• [TASK INSTRUCTIONS]
The result should be an exact copy of only the lines from the one holding "2階寝室-広々とした主寝室と" through the last line of the data below, please, without pictures.

• [GIVEN DATA]
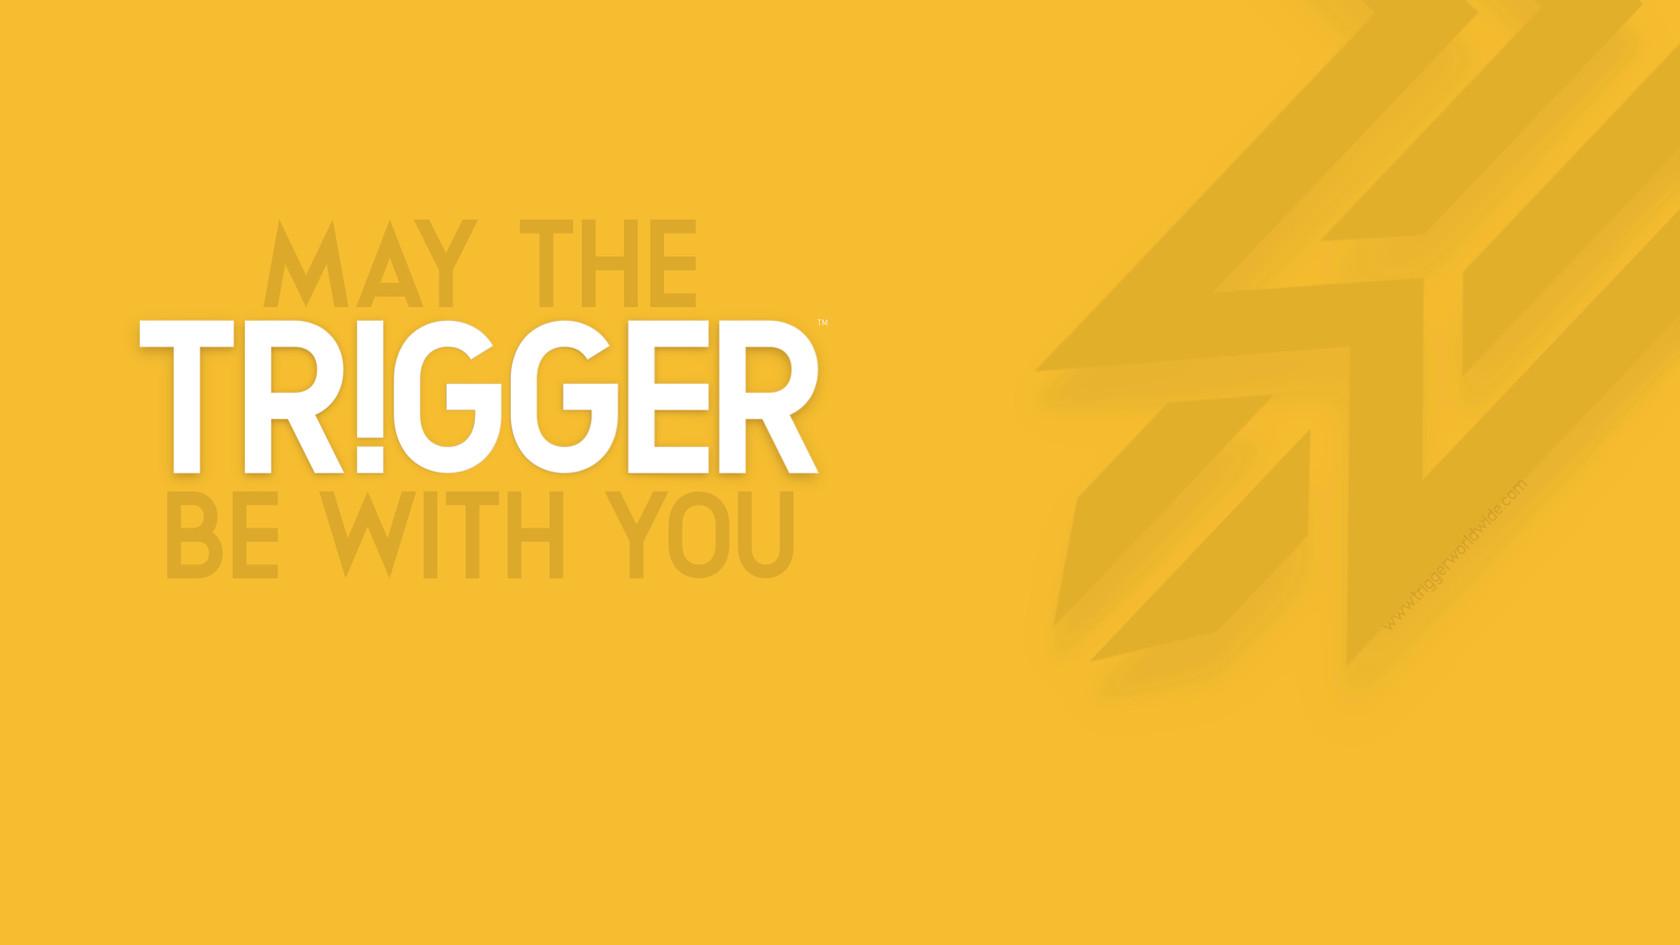 Trigger WallPaper Typo 2.jpg
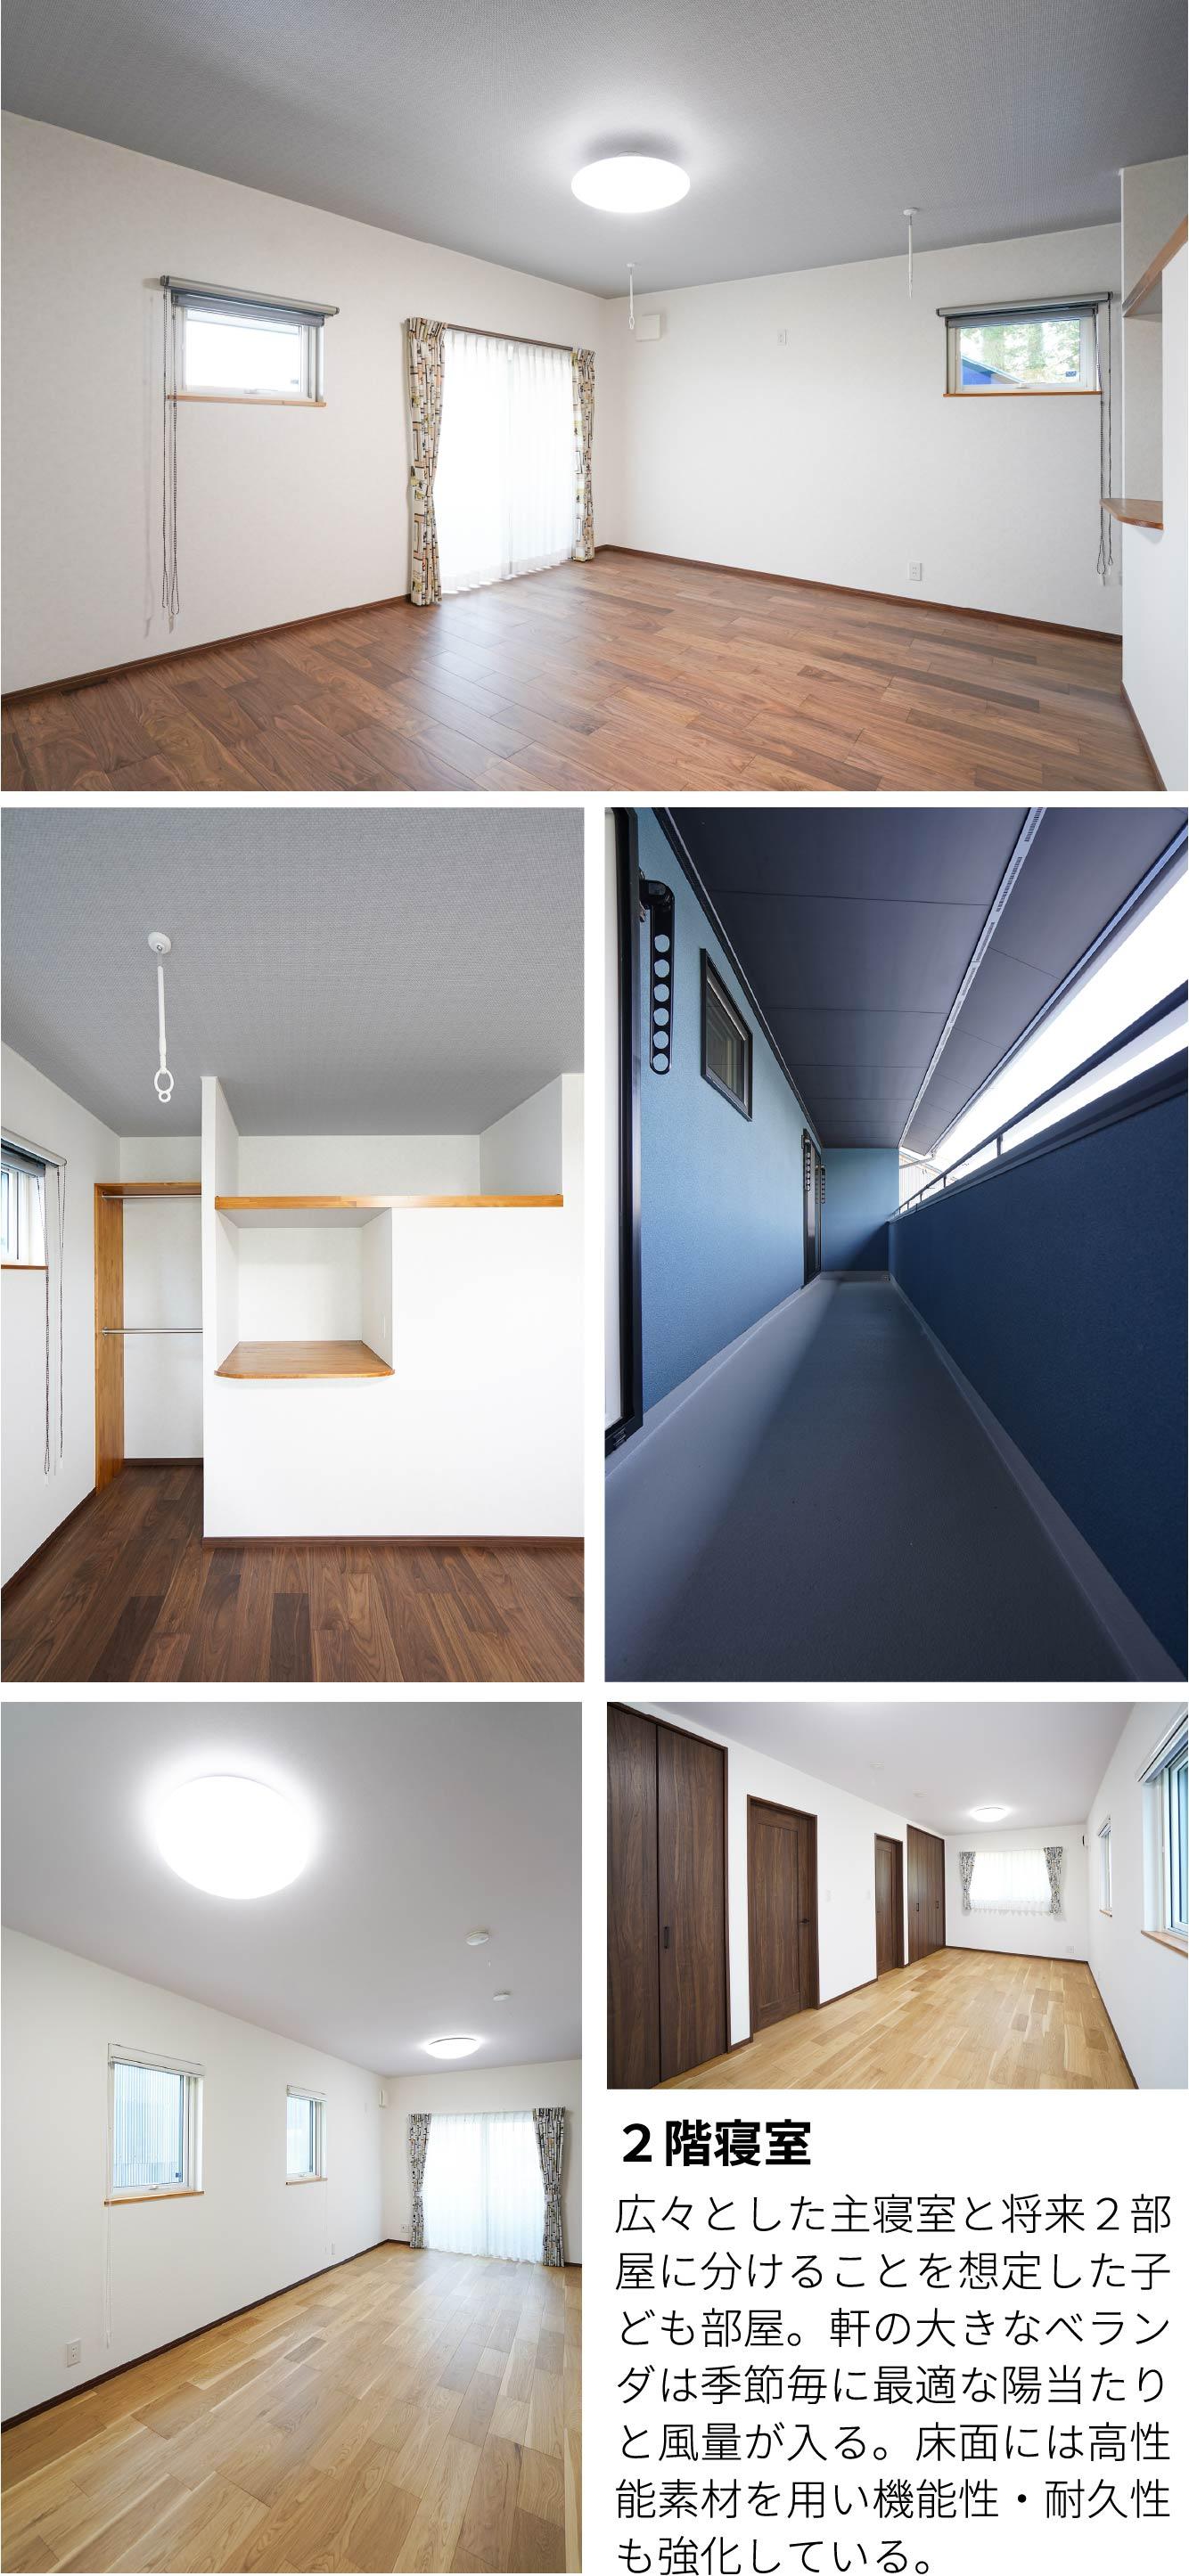 2階寝室-広々とした主寝室と将来2部屋に分けることを想定した子ども部屋。軒の大きなベランダは季節毎に最適な陽当たりと風量が入る。床面には高性能素材を用い機能性・耐久性も強化している。
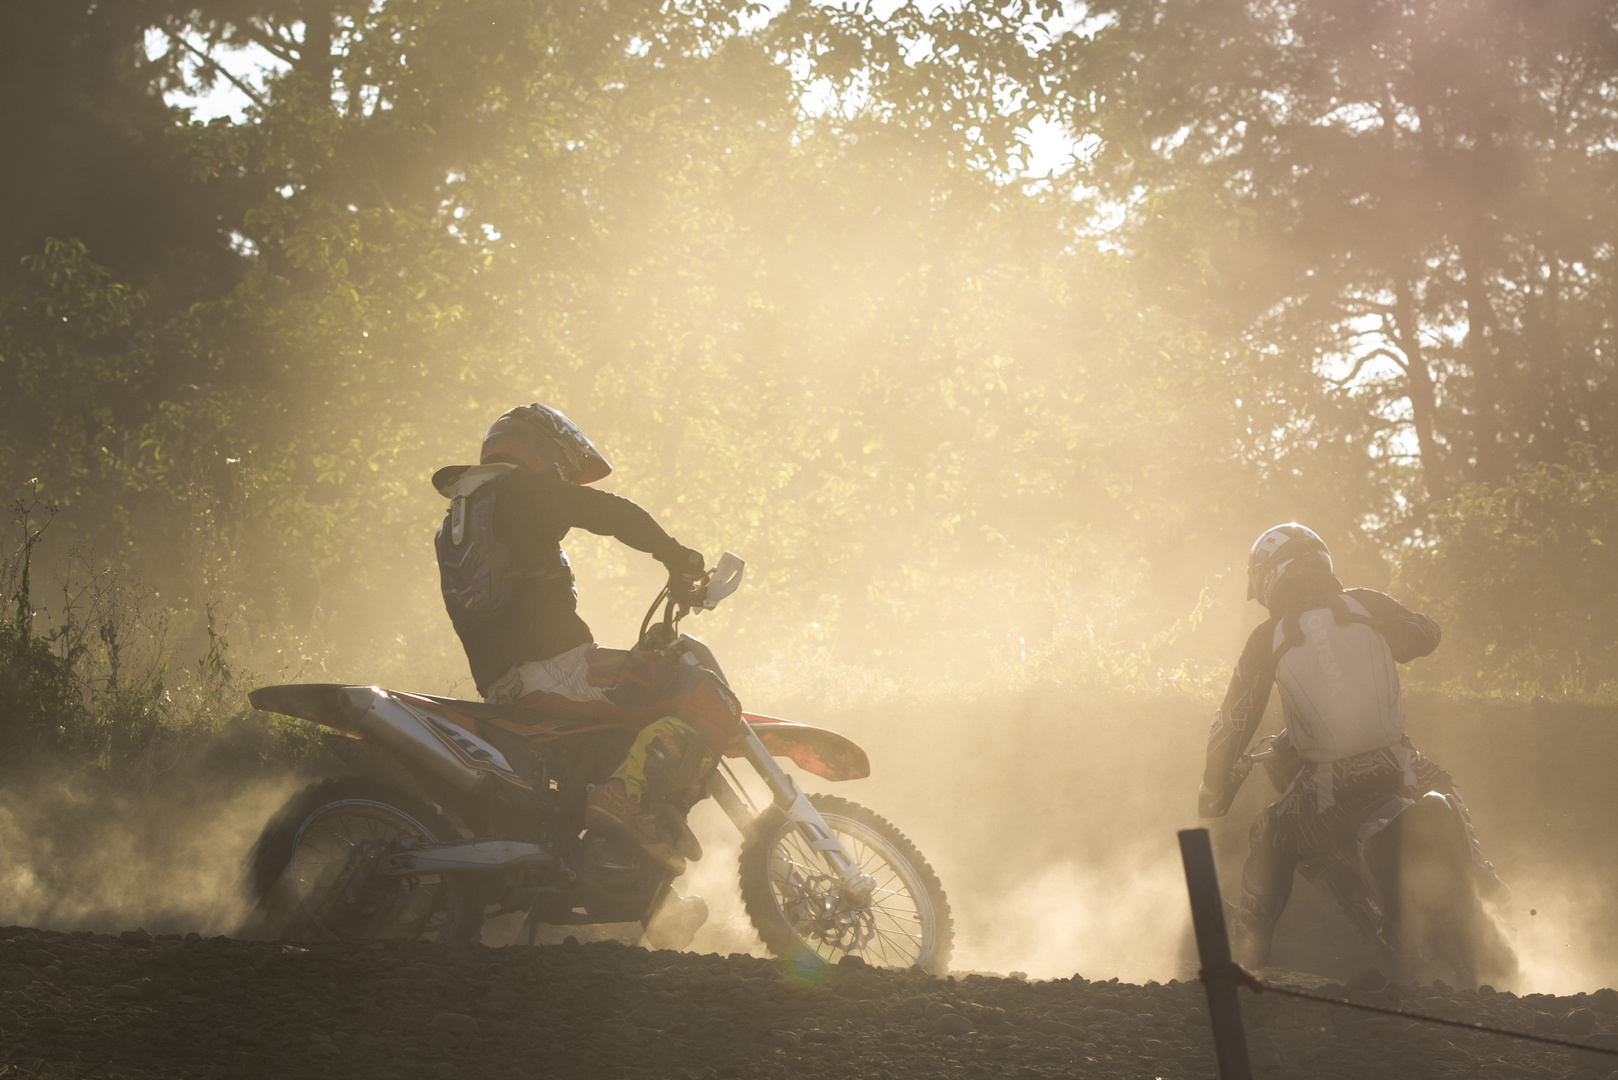 Sun and Dust

• [OUTPUT FOR THIS TASK]
 2階寝室-広々とした主寝室と将来2部屋に分けることを想定した子ども部屋。軒の大きなベランダは季節毎に最適な陽当たりと風量が入る。床面には高性能素材を用い機能性・耐久性も強化している。
 Sun and Dust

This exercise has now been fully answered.